> _Given information_:
== == ==
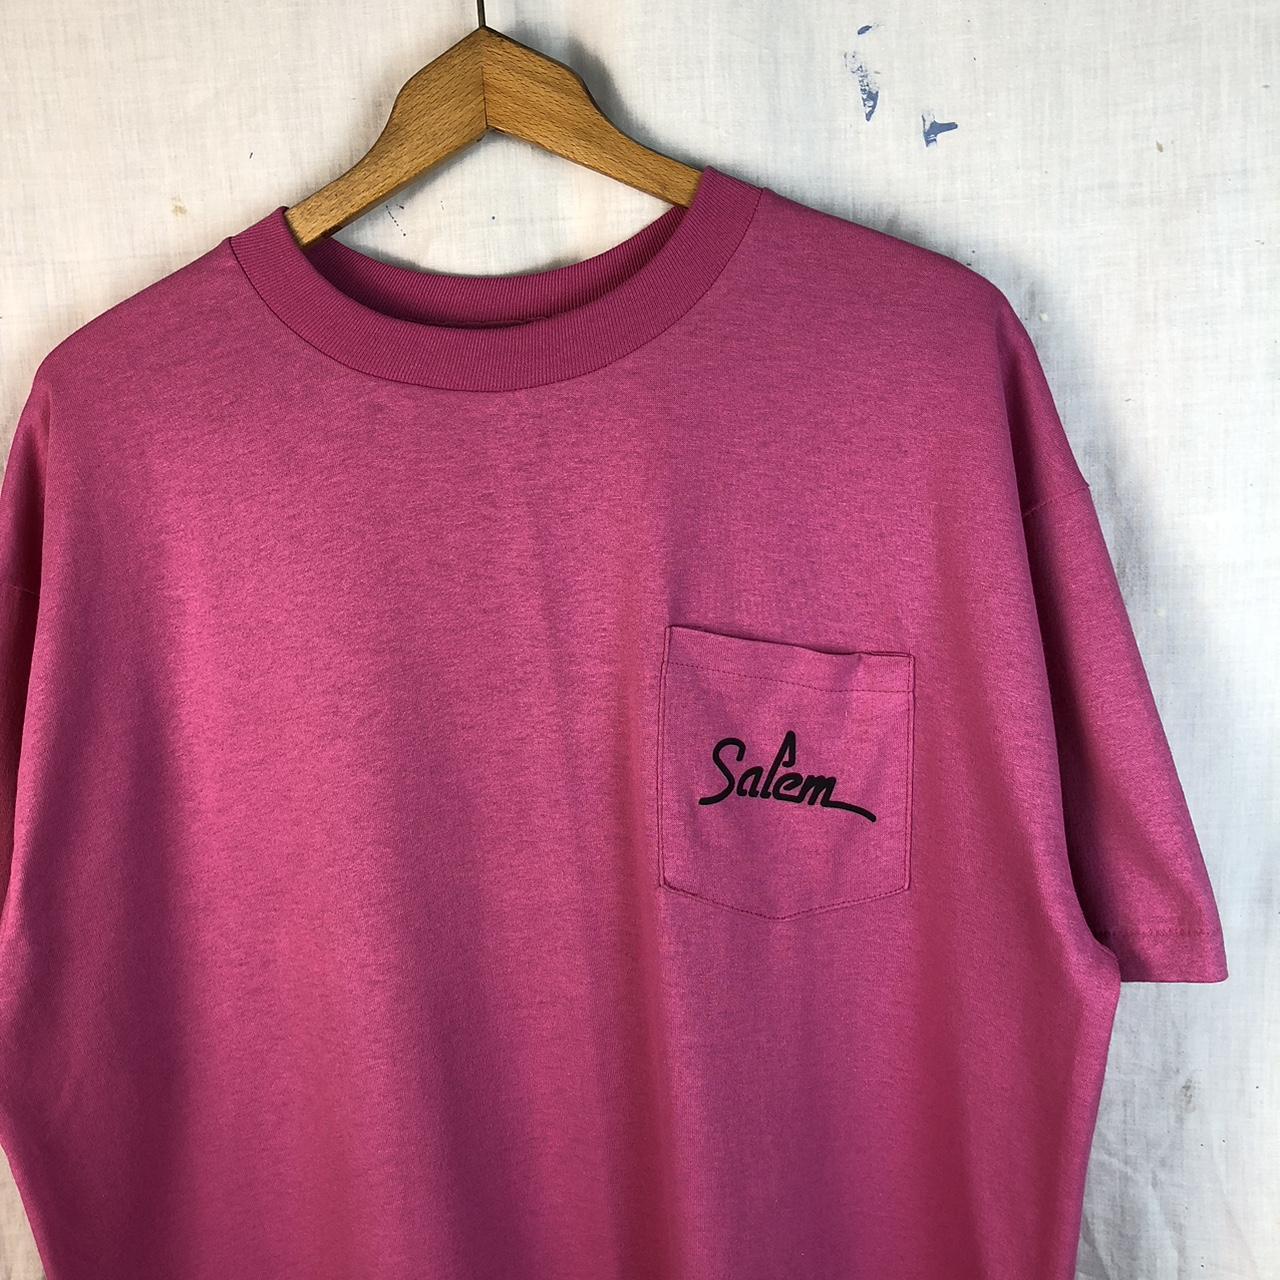 Salem Sportswear Women's T-Shirt - Purple - One Size
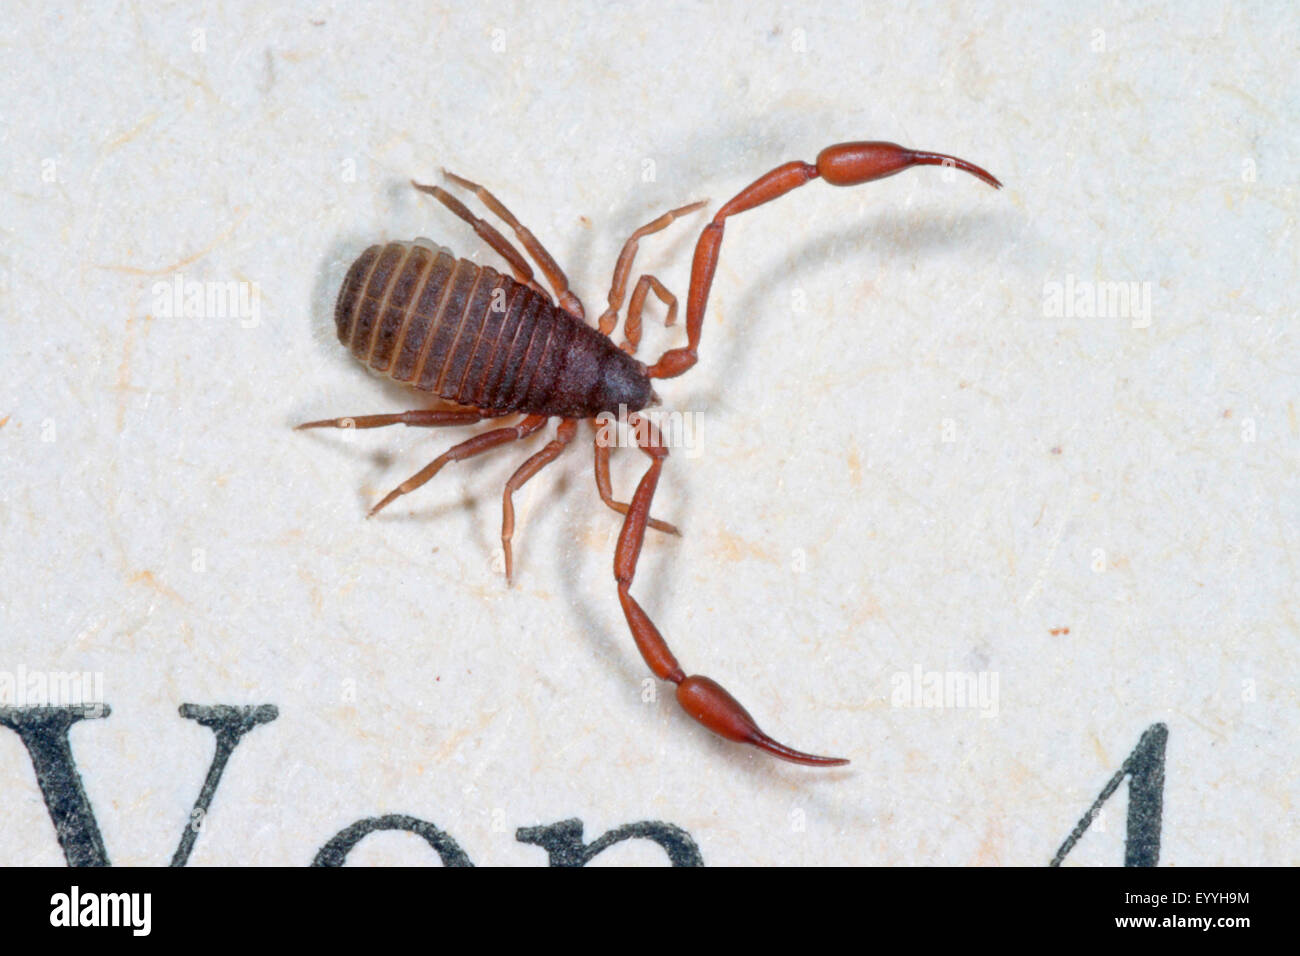 Chambre pseudoscorpion, Livre scorpion (chelifer avaient cancroides), sur un papier, Allemagne Banque D'Images
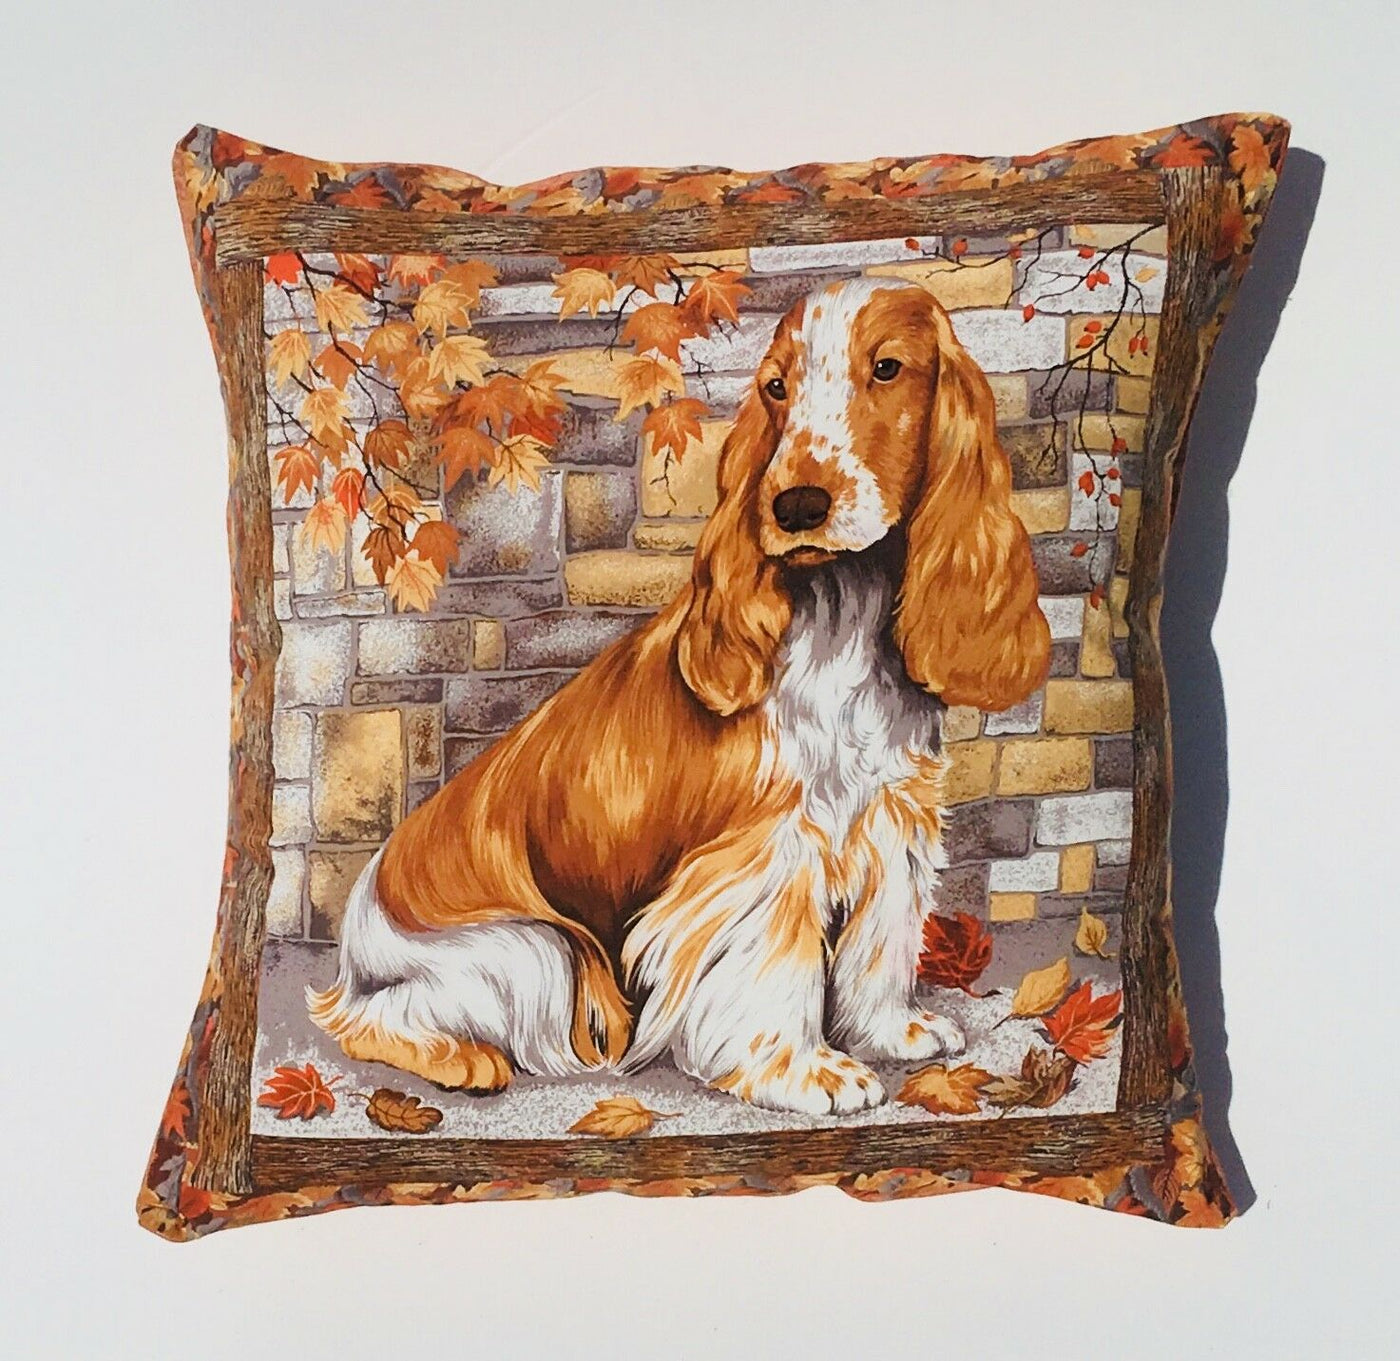 Spaniel Dog Cushion Cover Sofa Decorative Pillow Case fits 18" x 18" cushion
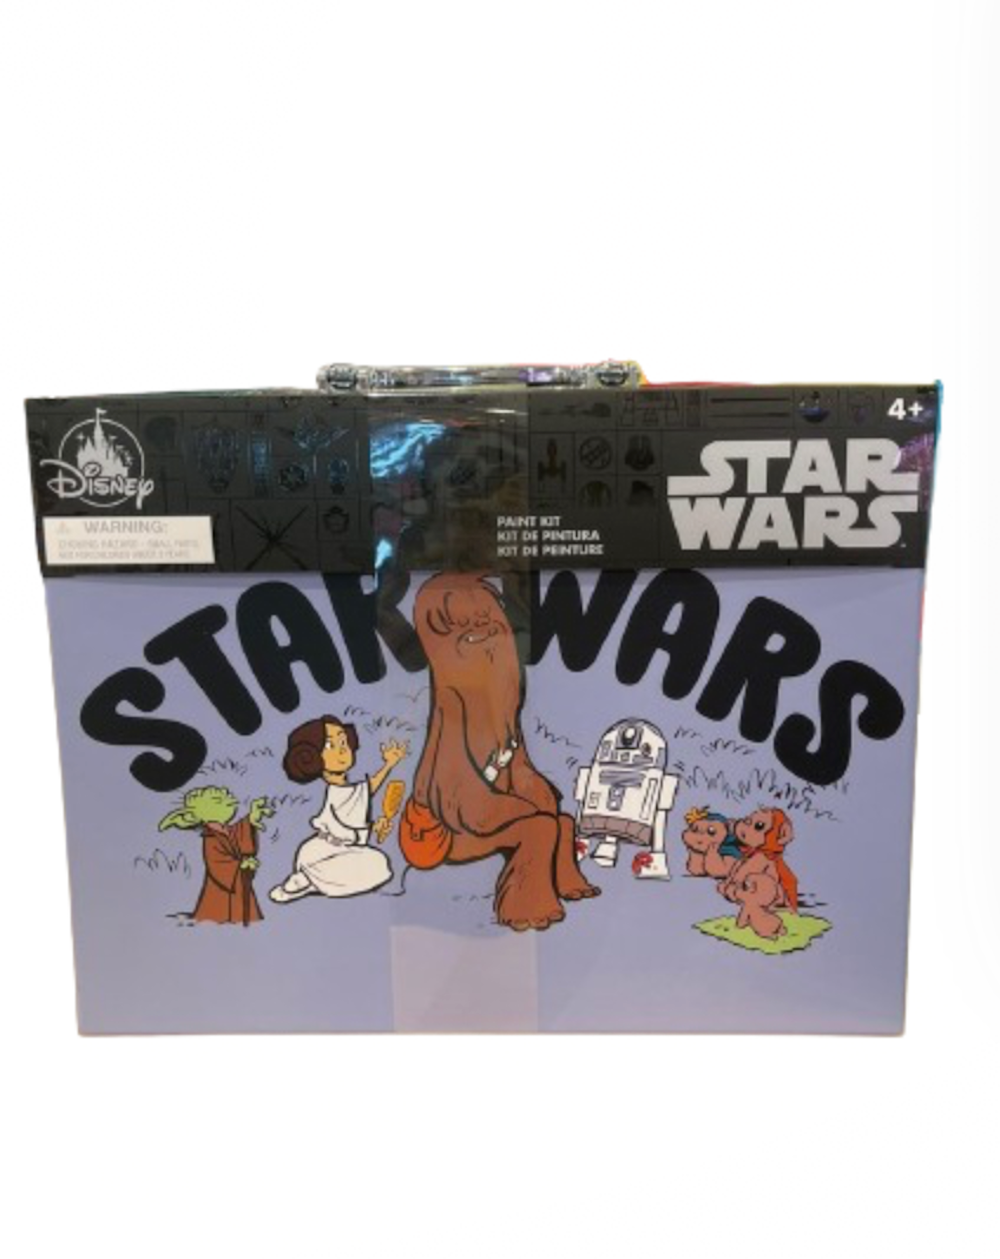 Disney Parks Star Wars Cuties Paint Kit Case Watercolor Paints Pastels New w Tag
== == ==
> _Aim of the task_:
Copy out exactly, without any pictures, the lines above that begin at the one with "Spaniel Dog Cushion" and end at the last line of the listing.

> _Your response_:
 Spaniel Dog Cushion Cover Sofa Decorative Pillow Case fits 18" x 18" cushion
 Disney Parks Star Wars Cuties Paint Kit Case Watercolor Paints Pastels New w Tag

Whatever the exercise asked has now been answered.